The present invention also relates to a process for the production of paper which comprises providing an aqueous suspension containing cellulosic fibres ("cellulosic suspension"), introducing into the cellulosic suspension a filler, e.g. any one of the fillers defined herein, and dewatering the cellulosic suspension to form a web or sheet of paper. Preferably, the filler is introduced into the cellulosic suspension by adding it as a single composition. Alternatively, the calcium salt, or calcium salt-containing material (e.g. any one of the calcium salt-containing materials defined herein), and amphoteric cellulose derivative (e.g. any one of the cellulose derivatives defined herein) can be separately added to the cellulosic suspension and the filler is formed in situ in the cellulosic suspension.
In the process, other components may of course be introduced into the cellulosic suspension. Examples of such components include conventional fillers, optical brightening agents, sizing agents, drainage and retention aids, dry strength agents, wet strength agents, etc. Examples of suitable conventional fillers include kaolin, china clay, titanium dioxide, gypsum, talc, natural and synthetic calcium carbonates, e.g. chalk, ground marble and precipitated calcium carbonate, hydrogenated aluminum oxides (aluminum trihydroxides), calcium sulphate, barium sulphate, calcium oxalate, etc. When using the filler according to the invention together with conventional filler, the filler according to the invention can be present in an amount of at least 1 % by weight, suitably at least 5 % by weight, preferably at least 10 % by weight, more preferable at least about 20 % by weight, and suitably up to about 99 % by weight, based on the dry weight of all fillers. Examples of suitable sizing agents include non-cellulose-reactive sizing agents, e.g. rosin-based sizing agents like rosin-based soaps, rosin-based emulsions/dispersions, and cellulose-reactive sizing agents, e.g. emulsions/dispersions of acid anhydrides like alkenyl succinic anhydrides (ASA), alkenyl and alkyl ketene dimers (AKD) and multimers.

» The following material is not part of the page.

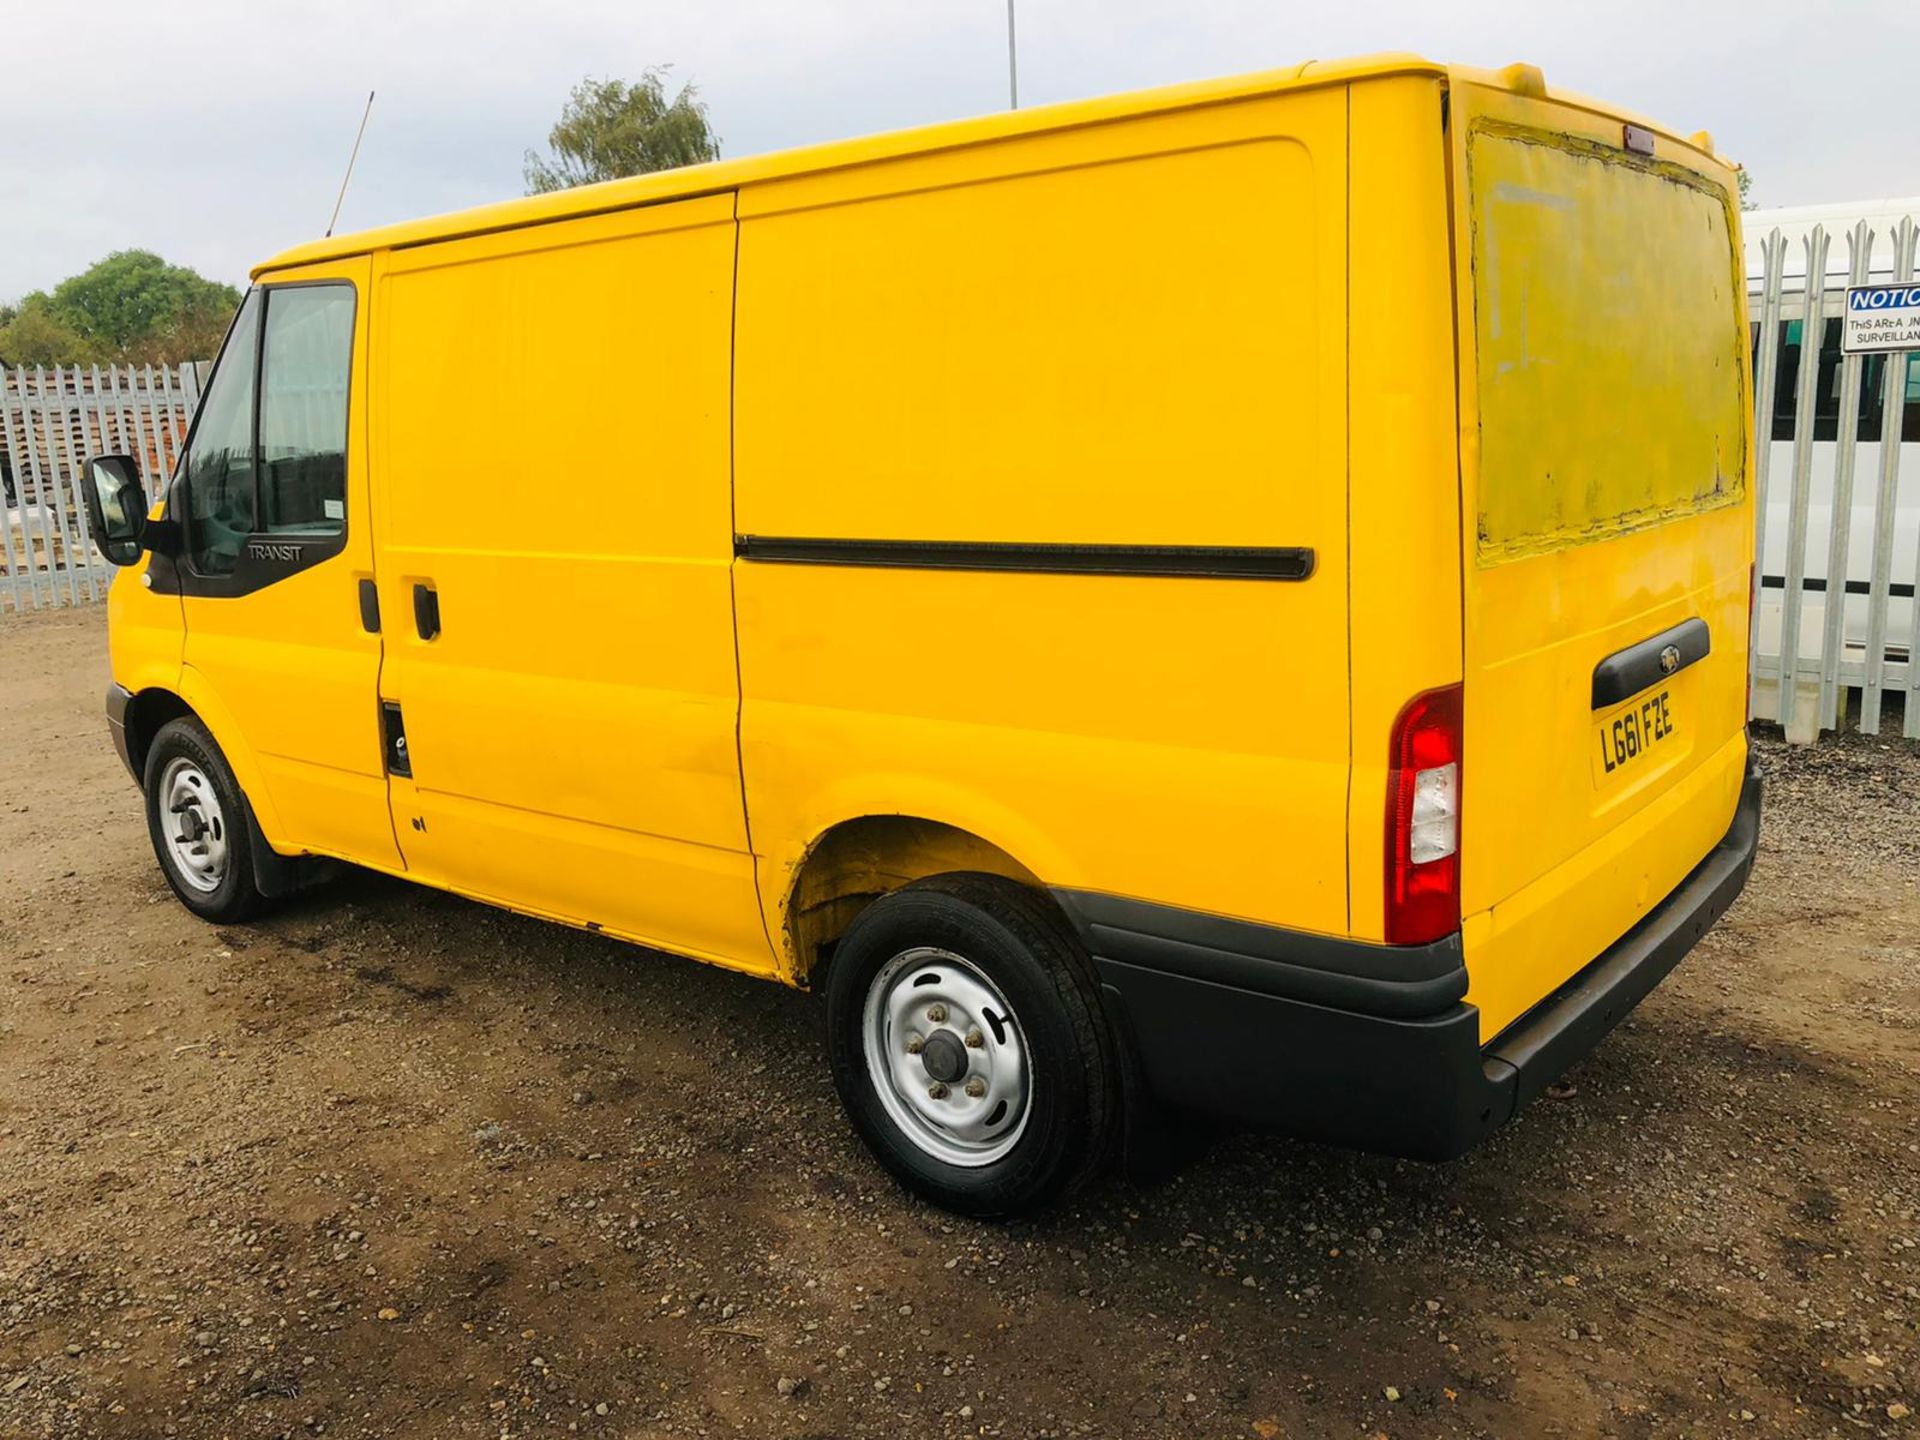 Ford Transit 2.2 TDCI 125 T300 L1 H1 FWD 2011 '61 Reg' Air Con - Elec Pack - No Vat Save 20% - Image 9 of 32

Examples of suitable drainage and retention aids include organic polymeric products, e.g. cationic, anionic and non-ionic polymers including cationic polyethylene imines, cationic, anionic and non-ionic polyacrylamides, cationic polyamines, cationic starch, and cationic guar; inorganic materials, e.g. aluminium compounds, anionic microparticulate materials like colloidal silica-based particles, clays of smectite type, e.g. bentoinite, montmorillonite; colloidal alumina, and combinations thereof. Examples of suitable combinations of drainage and retention aids include cationic polymers and anionic microparticulate materials, e.g. cationic starch and anionic colloidal silica-based particles, cationic polyacrylamide and anionic colloidal silica-based particles as well as cationic polyacrylamide and bentoinite or montmorillonite. Examples of suitable wet strength agents include polyamines and polyaminoamides. Paper containing filler according to the invention and cationic starch shows very good strength properties.

[0040] According to a preferred embodiment of the invention, at least one sizing agent is introduced into the cellulosic suspension to produce sized paper containing filler. Preferably, the sizing agents are cellulose-reactive sizing agents of the types mentioned herein. Suitable ketene dimers have the general formula (I) below, wherein R¹ and R² represent saturated or unsaturated hydrocarbon groups, usually saturated hydrocarbons, the hydrocarbon groups suitably having from 8 to 36 carbon atoms, usually being straight or branched chain alkyl groups having 12 to 20 carbon atoms, such as hexadecyl and octadecyl groups. The ketene dimers may be liquid at ambient temperature, i.e. at 25 °C, suitably at 20 °C. Commonly, acid anhydrides can be characterized by the general formula (II) below, wherein R³ and R⁴ can be identical or different and represent saturated or unsaturated hydrocarbon groups suitably containing from 8 to 30 carbon atoms, or R³ and R⁴ together with the -C-O-C- moiety can form a 5 to 6 membered ring, optionally being further substituted with hydrocarbon groups containing up to 30 carbon atoms. Examples of acid anhydrides which are used commercially include alkyl and alkenyl succinic anhydrides and particularly isooctadecenyl succinic anhydride.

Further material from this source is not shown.